Everything from the line with "Angela-Georgiou-pattern-packaging-box-jewellery" through the final line of the listing below must be retyped exactly, apart from the pictures.

● INFORMATION PROVIDED:
[Start of section]

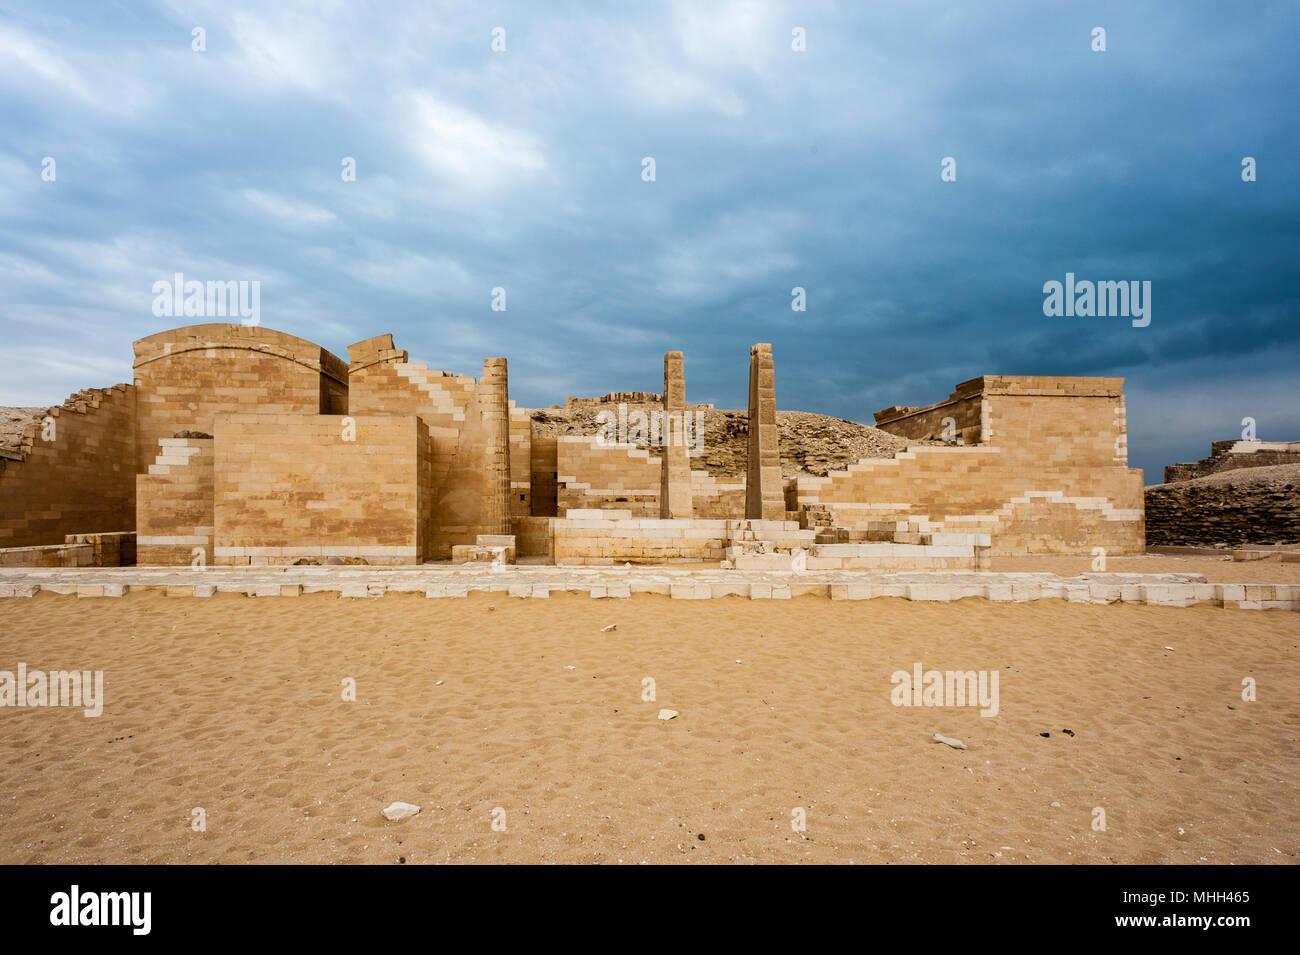 Ruins of the Saqqara necropolis, Egypt. UNESCO World Heritage - Stock Image
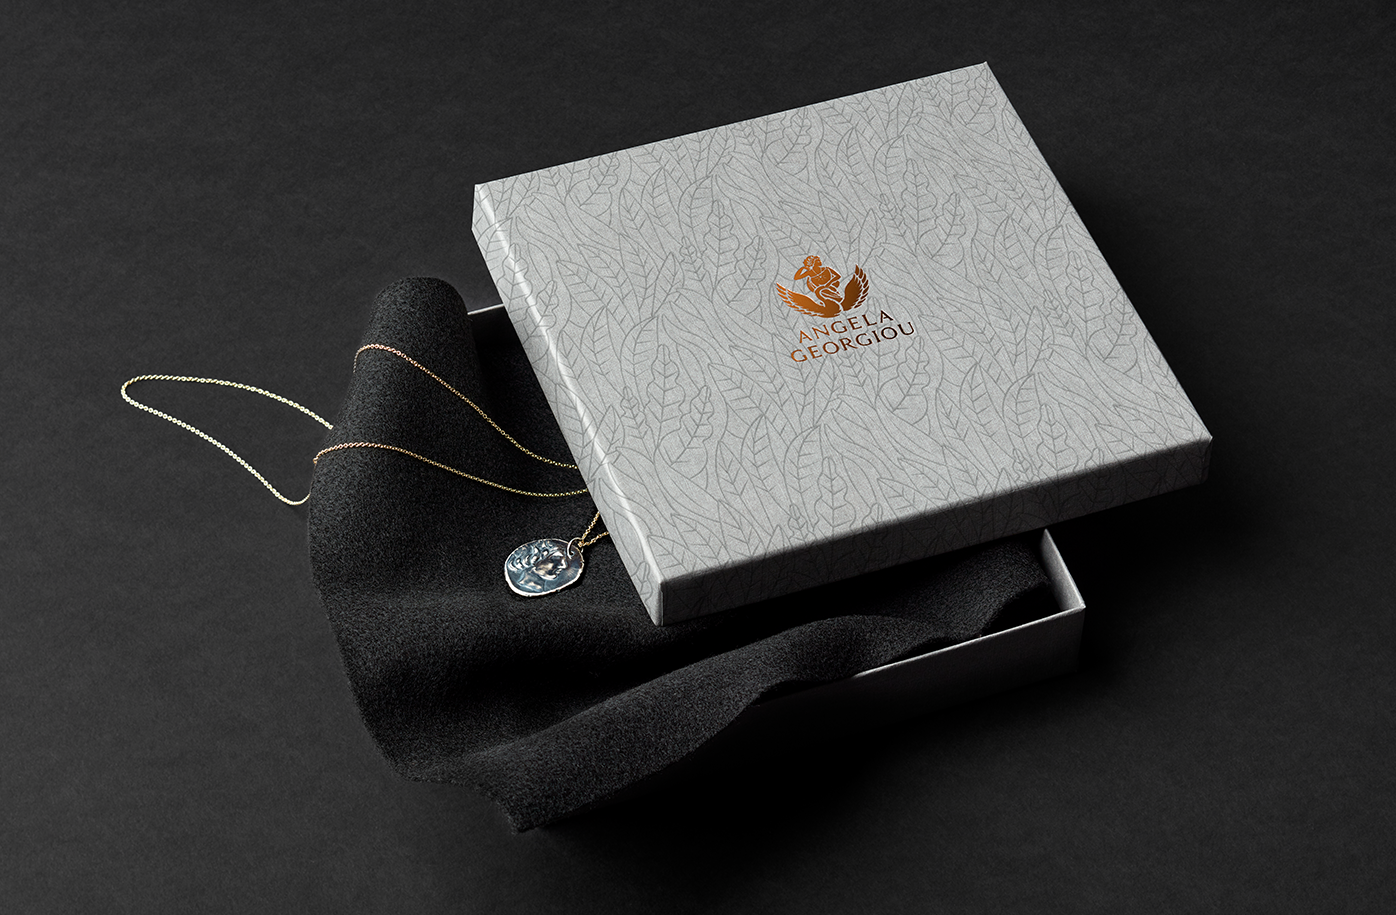 Angela-Georgiou-pattern-packaging-box-jewellery
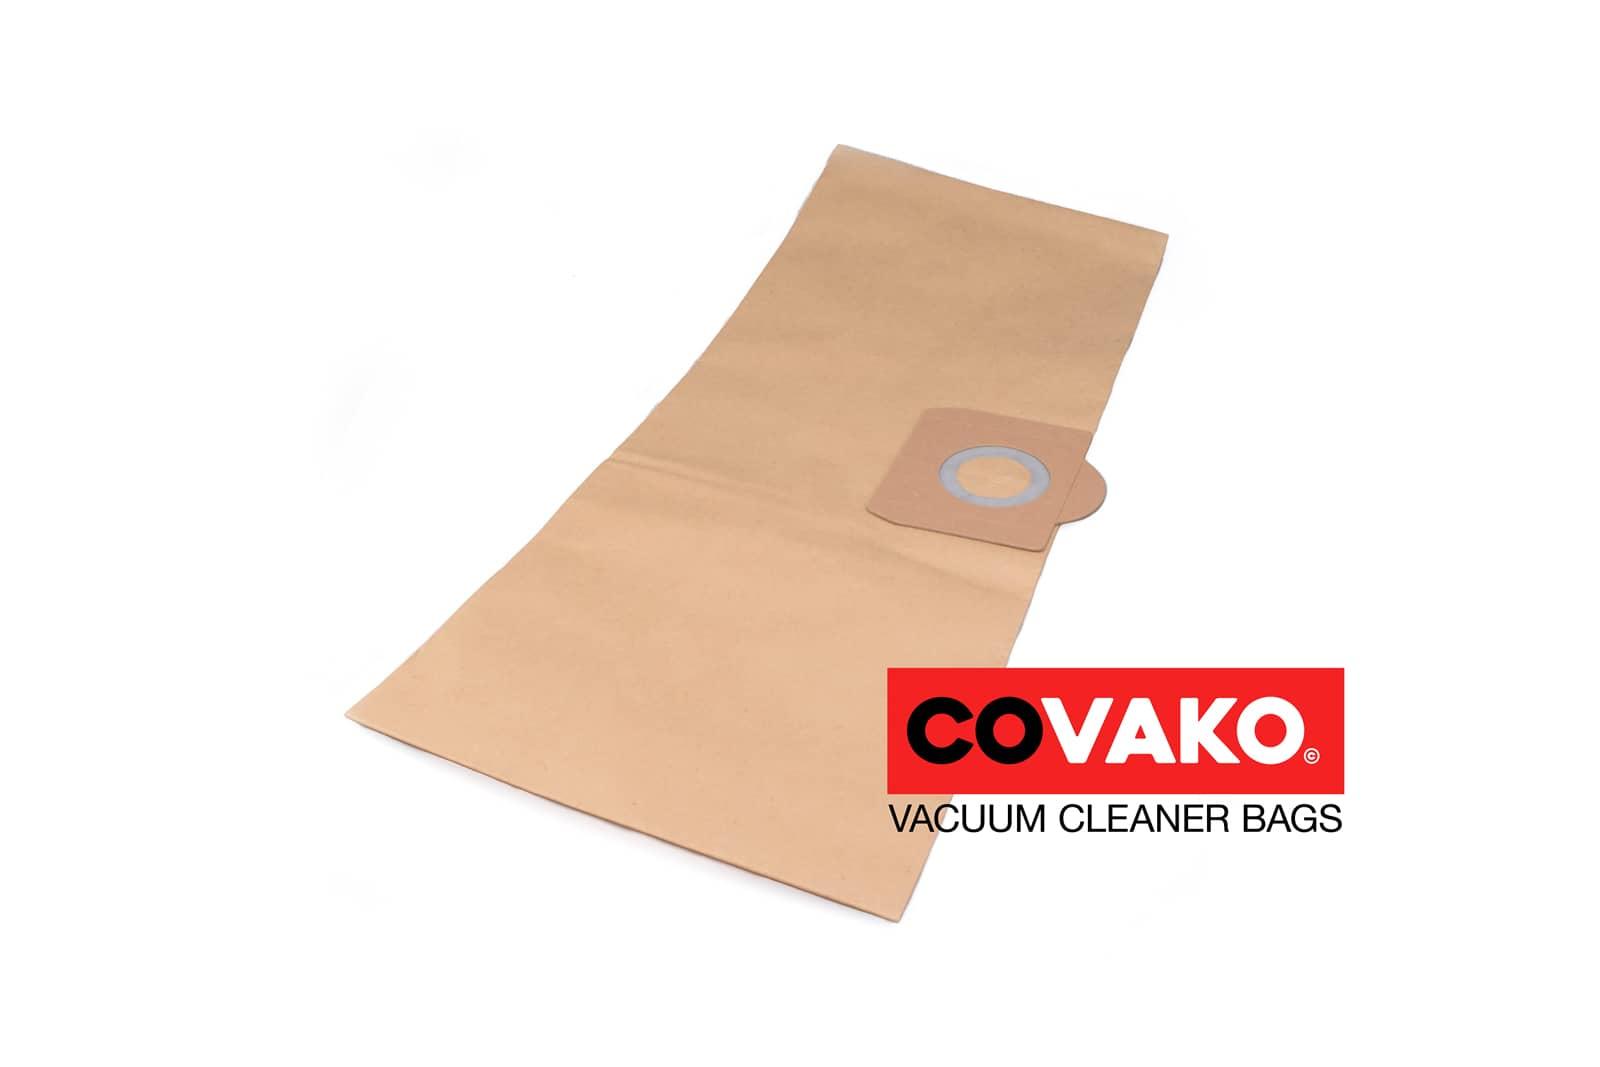 AquaVac Bonus / Paper - AquaVac vacuum cleaner bags
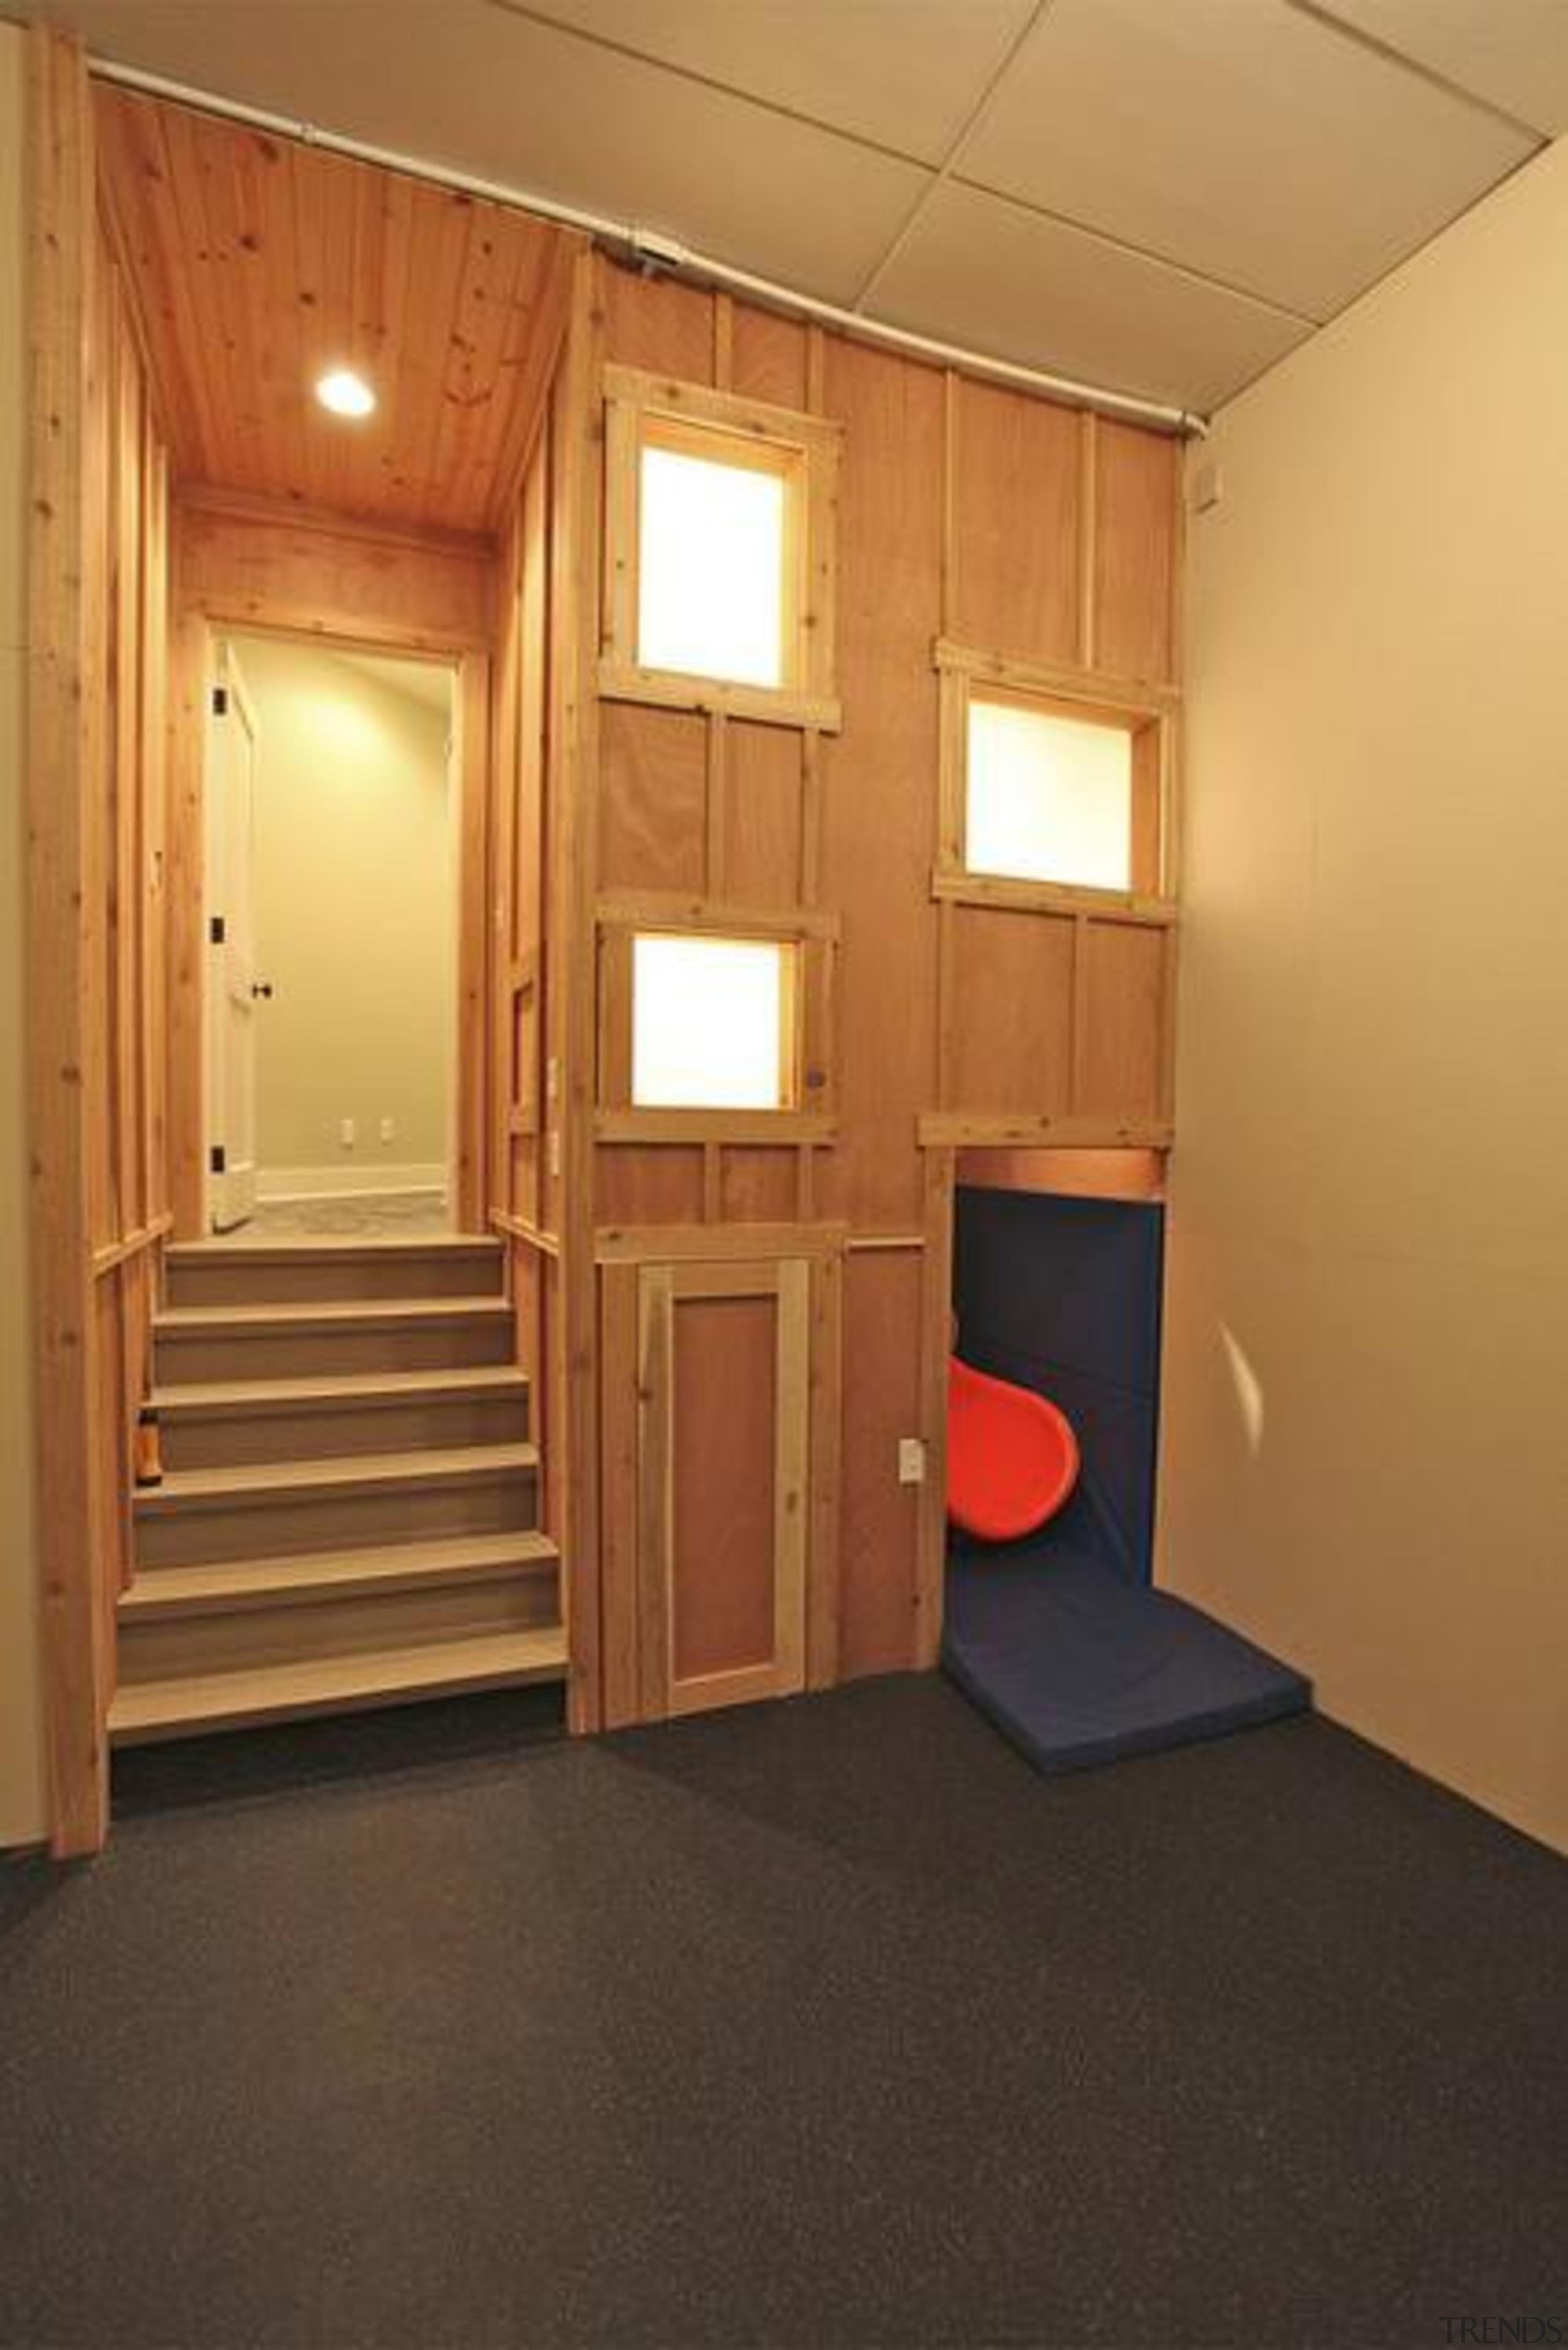 Created by Steve Kuhl of Kuhl Design Build, ceiling, door, floor, flooring, furniture, interior design, real estate, room, wall, wood, orange, brown

[End of section]

● FINISHED TASK:
 Angela-Georgiou-pattern-packaging-box-jewellery
 AquaVac Bonus / Paper - AquaVac vacuum cleaner bags
 Created by Steve Kuhl of Kuhl Design Build, ceiling, door, floor, flooring, furniture, interior design, real estate, room, wall, wood, orange, brown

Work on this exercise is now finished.